In her article Wanted: A Few Good Men (With Scissors) Kelly Crow reports that the scrapbooking industry is casting its net to catch men.
“The $2.6 billion scrapbook industry is undertaking a delicate PR campaign. “For the past 15 years, it has enjoyed a dot-com-style boom by selling sparkly paper, flowery stickers and cheery albums to scrapbookers – predominantly women … But with sales tailing off, the industry has a new plan: Get a few of the nation’s 138 million men to pick up a pair of zigzag scissors.”
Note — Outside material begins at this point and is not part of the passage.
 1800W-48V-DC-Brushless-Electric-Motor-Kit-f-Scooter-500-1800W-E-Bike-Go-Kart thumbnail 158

Apparently the industry has produced a lot of man-type papers with tractors and barn doors, and stamps with deer and war medals, primarily to appeal to men – and I thought they were for us so we didn’t have to put our men in flowery frames!
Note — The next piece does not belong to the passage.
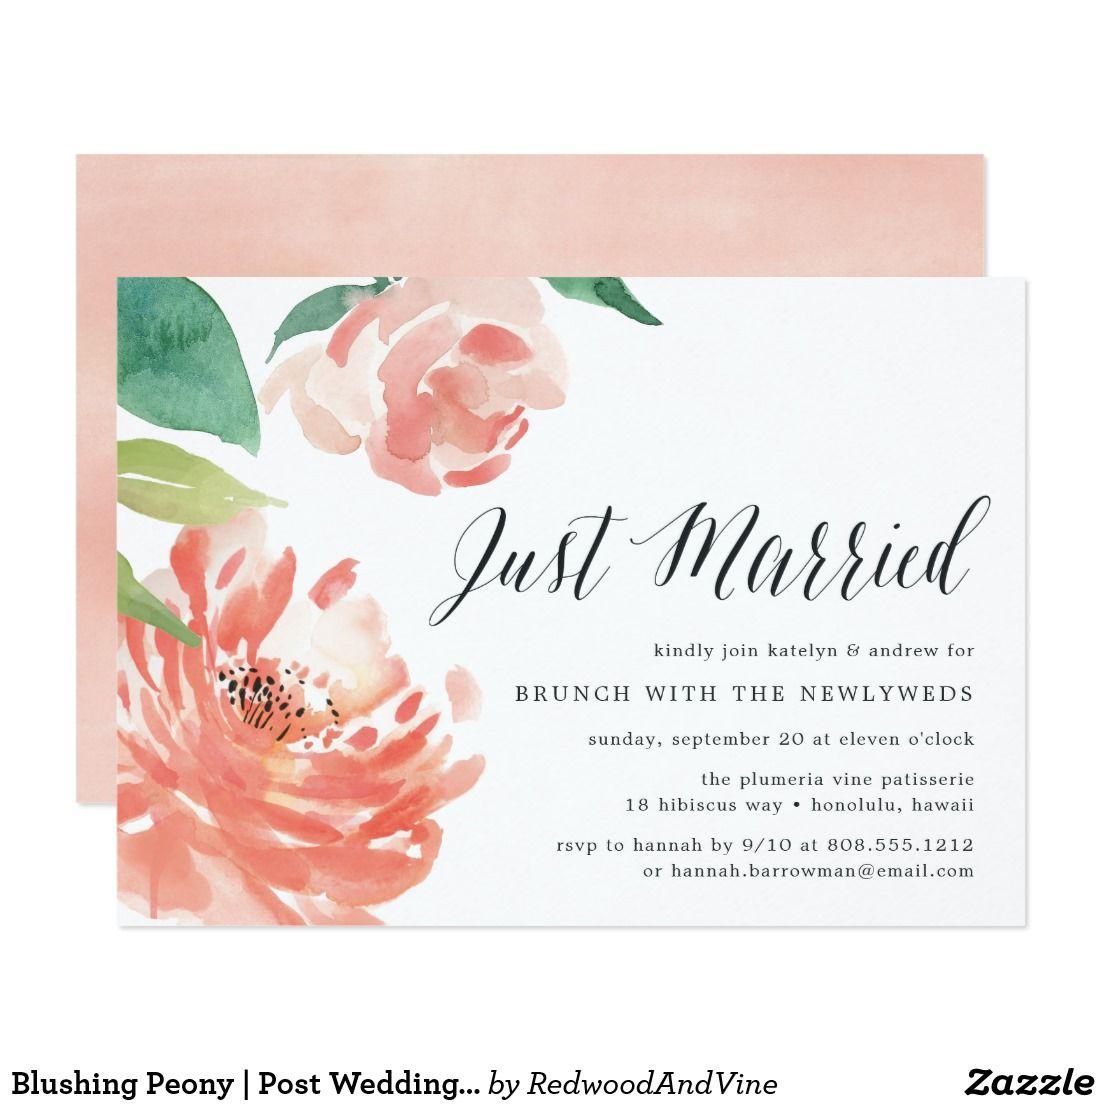 Blushing Peony   Post Wedding Brunch Invitation   Pinterest   Brunch ...

The CHA have only just started counting men and, would you believe it, they found, “Just over one million men made scrapbooks in their spare time last year.”
The article lists a handful of examples from a media executive, an actor, and a film producer, to a firefighter who gave up and outsourced the job; a graphic designer who wants his kids and grandkids to know what matters to him because he didn’t know what mattered to his parents after their death; and a jet mechanic whose scrapbook helped win a lawsuit!
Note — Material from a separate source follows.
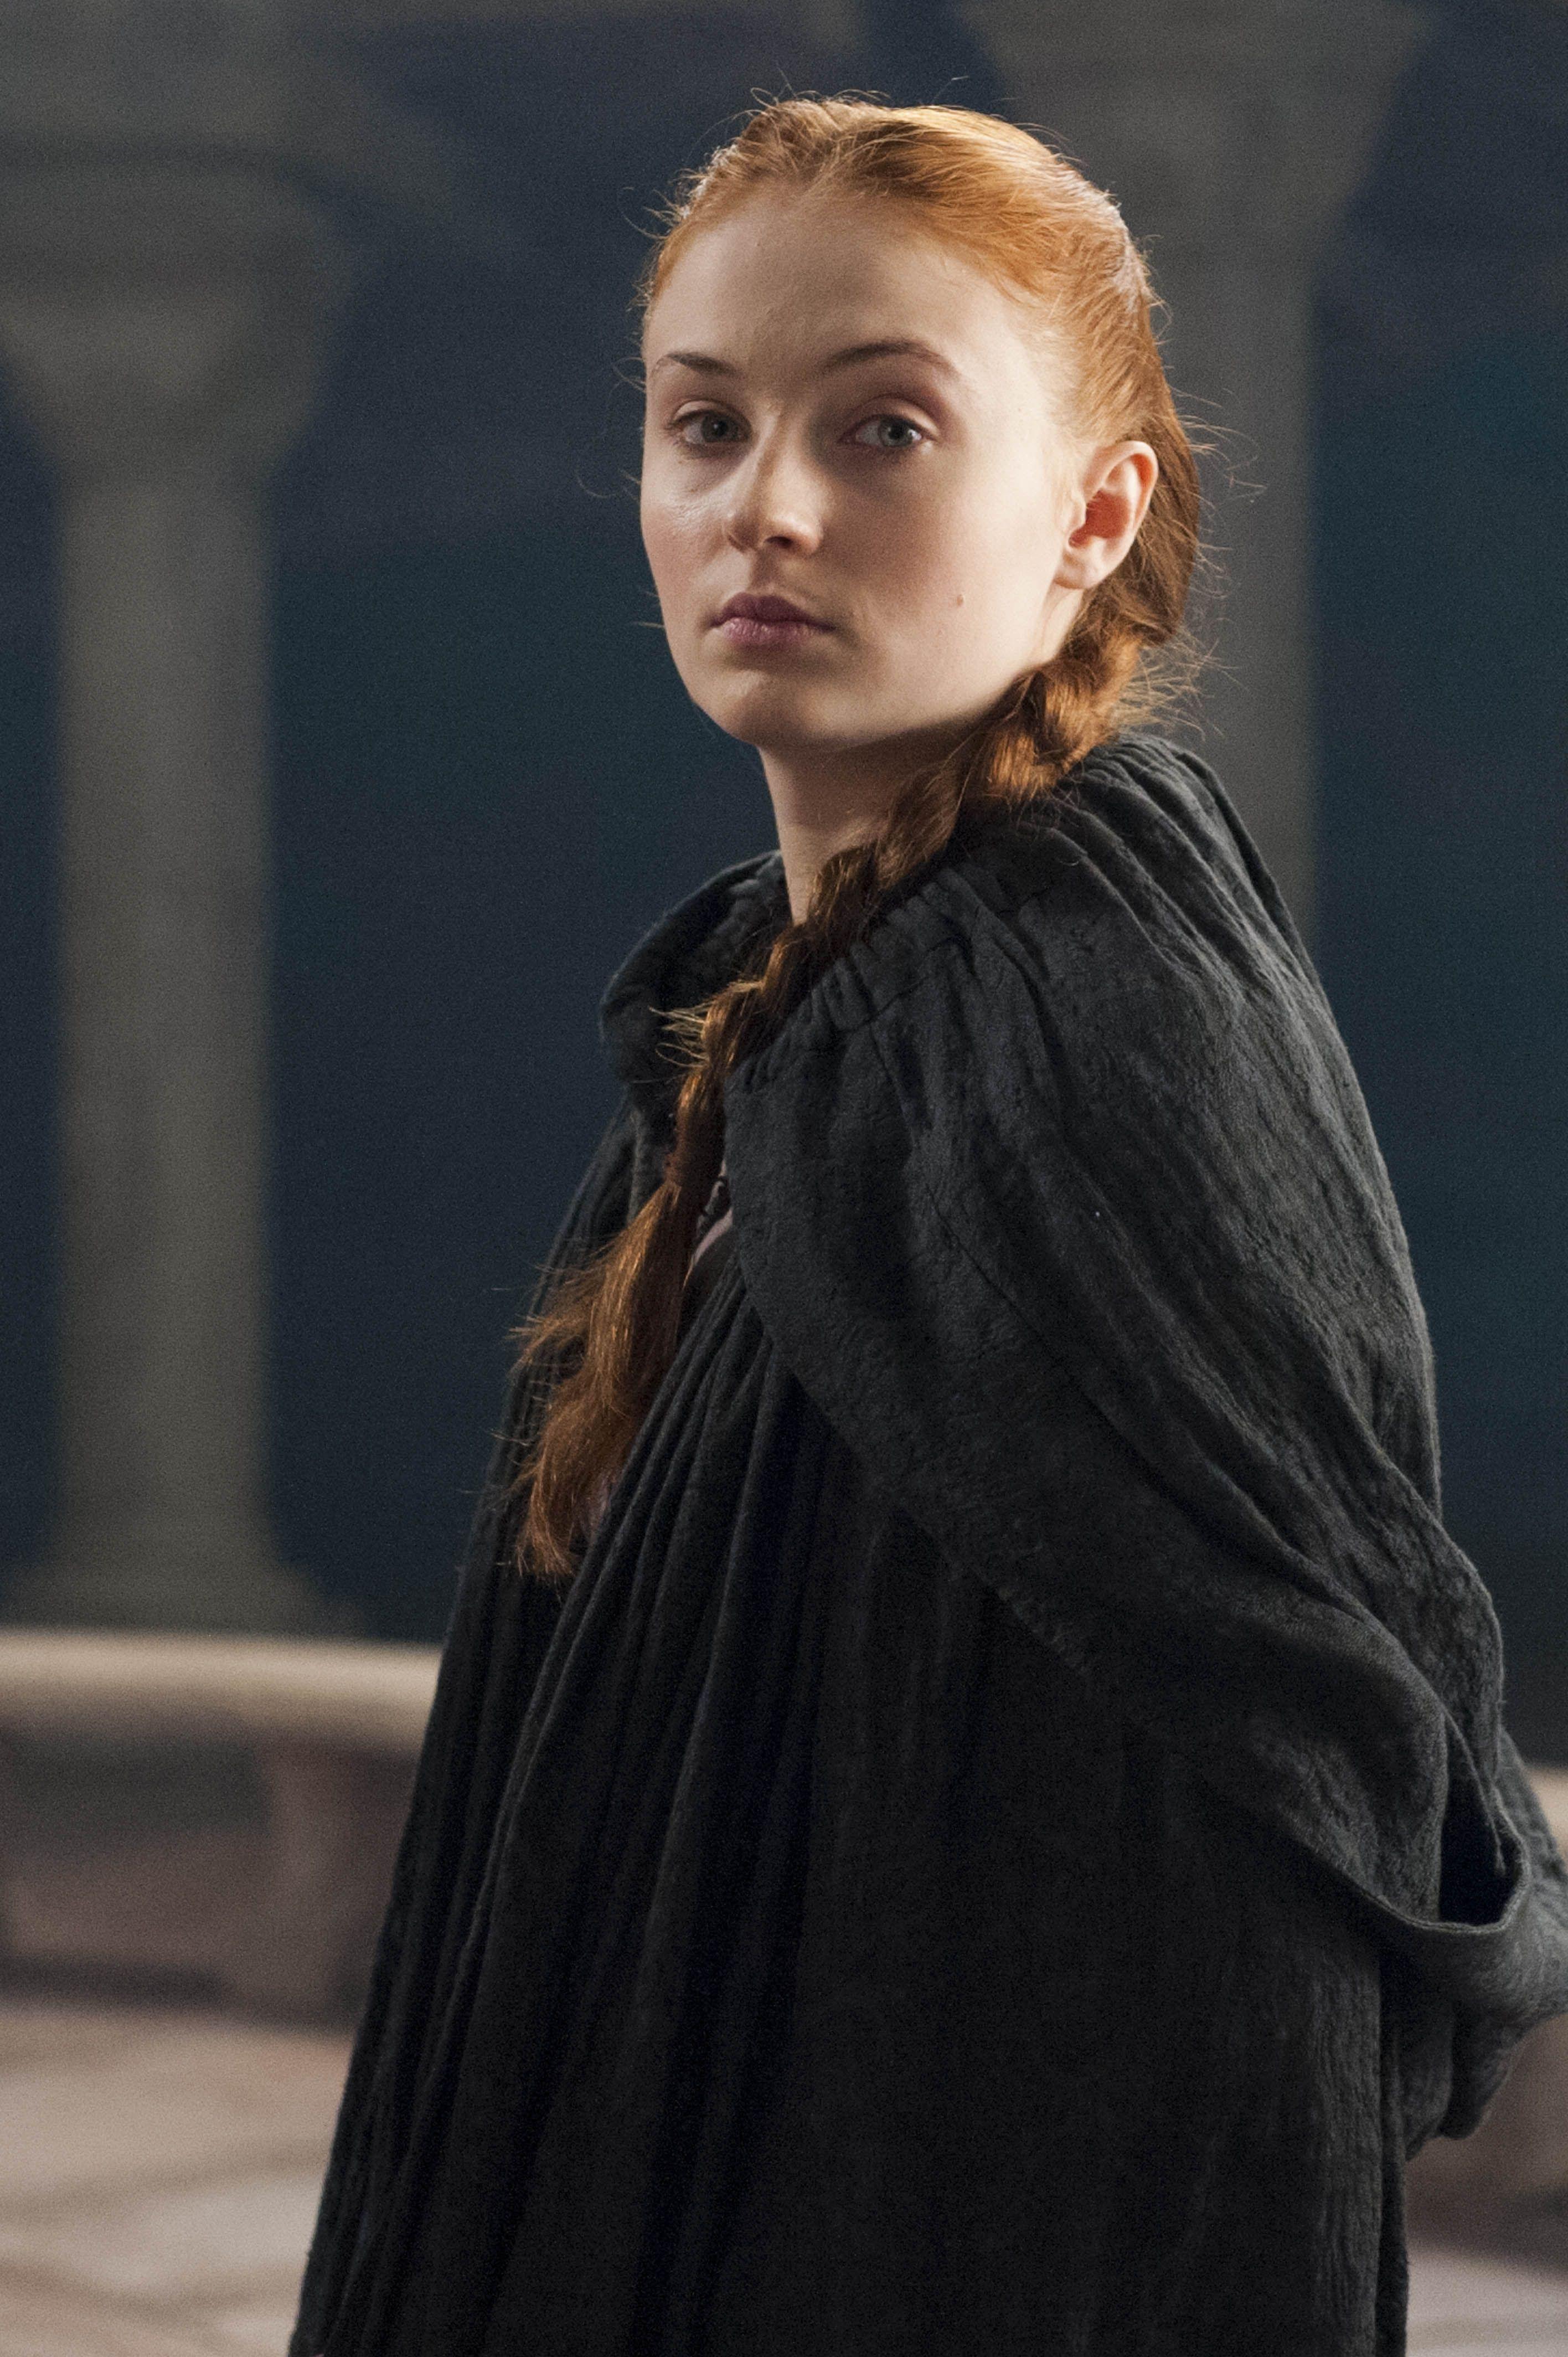 Game of Thrones Season 4 Episode 5 Still Sansa stark

But I must confess the thing that really got my back up was Shelli Gardner’s (of Stampin’ Up) comment. She is quoted as saying,
“Men have got to have a place in this hobby. They may not be begging for it, but we need them.”
No, Ms Gardner, men do NOT have to get into this hobby – and certainly not to shore up your or anyone else’s business! If you’ve had jam for a time and now need to prepare for a lean season do what’s necessary to prepare for that season, but do not insist men have to get involved in a feminine, decorative artform.
As one post on Debbie Schlussel’s site said …
“I get much more enjoyment out of using real wrenches on real lug nuts. [Rather than stickers and paper.] There’s something about men that makes us prefer to fix things instead of decorate things.”
And Against the Motion
I rather think that Ms Schlussel was not impressed with this article, either. I wonder what gave it away? Could it have been her opening remarks that …
Readers of this site know that I document the frequent attempts in America to feminize America’s men and blur the genders.
or was it perhaps her closing remarks …
Men and scrapbooking. Al-Qaeda and the rest of the world are training their men to destroy us and we’re training our men to . . . be women.
In fact she hit the nail on the head!
I also have to agree whole-heartedly that the best bit of the whole thing was Mike Cargill, a product manager for car-parts maker Axiom Automotive in Phoenix, who says he …
… enjoys sitting down with his 10-year-old daughter and flipping through the scrapbooks his wife makes, but he’s not about to start laying out new pages. “Working in the automotive industry, you’re never going to see me walk into work with a scrapbook under my arm,” Mr. Cargill says. “I would probably have to cash in my Man Card.”
There’s a world of difference between appreciating and using a family scrapbook to have quality time and discussion with your children, and insisting a man has to make one. Ladies, we don’t appreciate the caveman image where he pulls his woman along by her hair. Neither should we pull a man along by his necktie to the scrapbooking table.
I’m also inclined to leave the final word with Mr Cargill.
I am the Mike Cargill that you excerpted from the WSJ article on Men and Scrapbooking.
Your blog is hilarious and RIGHT ON THE MONEY. I must say that I found it pitiable and hilarious that the scrapbooking industry has tried to target me as a “new market”. I can understand men needing to connect to their kids, document hobbies, or single dads trying to find ways to build bridges to their daughters….but, seriously…SCRAPBOOKING???
I think I speak for the vast majority of men who are not “testicularly challenged” when I say that there is no way that I would be caught or “not-caught” dipping into any estrogen-laden hobbies anytime soon. It is the hazing of traditional boundaries that has caused men to stop being men. It may even be the reason why some women have started BECOMING men.
I can’t create an egg, and you can’t fertilize one. And from there the boundaries begin and should not end. Men did just fine existing in most ways (except for taking out the trash and wiping our feet on the doormat) until somebody decided our job was to be male but not manly. Testosterone is God’s gift to me and I will use it in judiciously massive doses until the day my creator ceases to find me amusing to Him.
Now I have to go start my motorcycle, hit the road, and scare some screams out of the effeminate male commuters in their hybrid SUV’s.
The Nub of the Issue
So here we are … Is this simply a self-preservation tactic by the scrapbooking industry? Or another nail in the coffin of the American Man?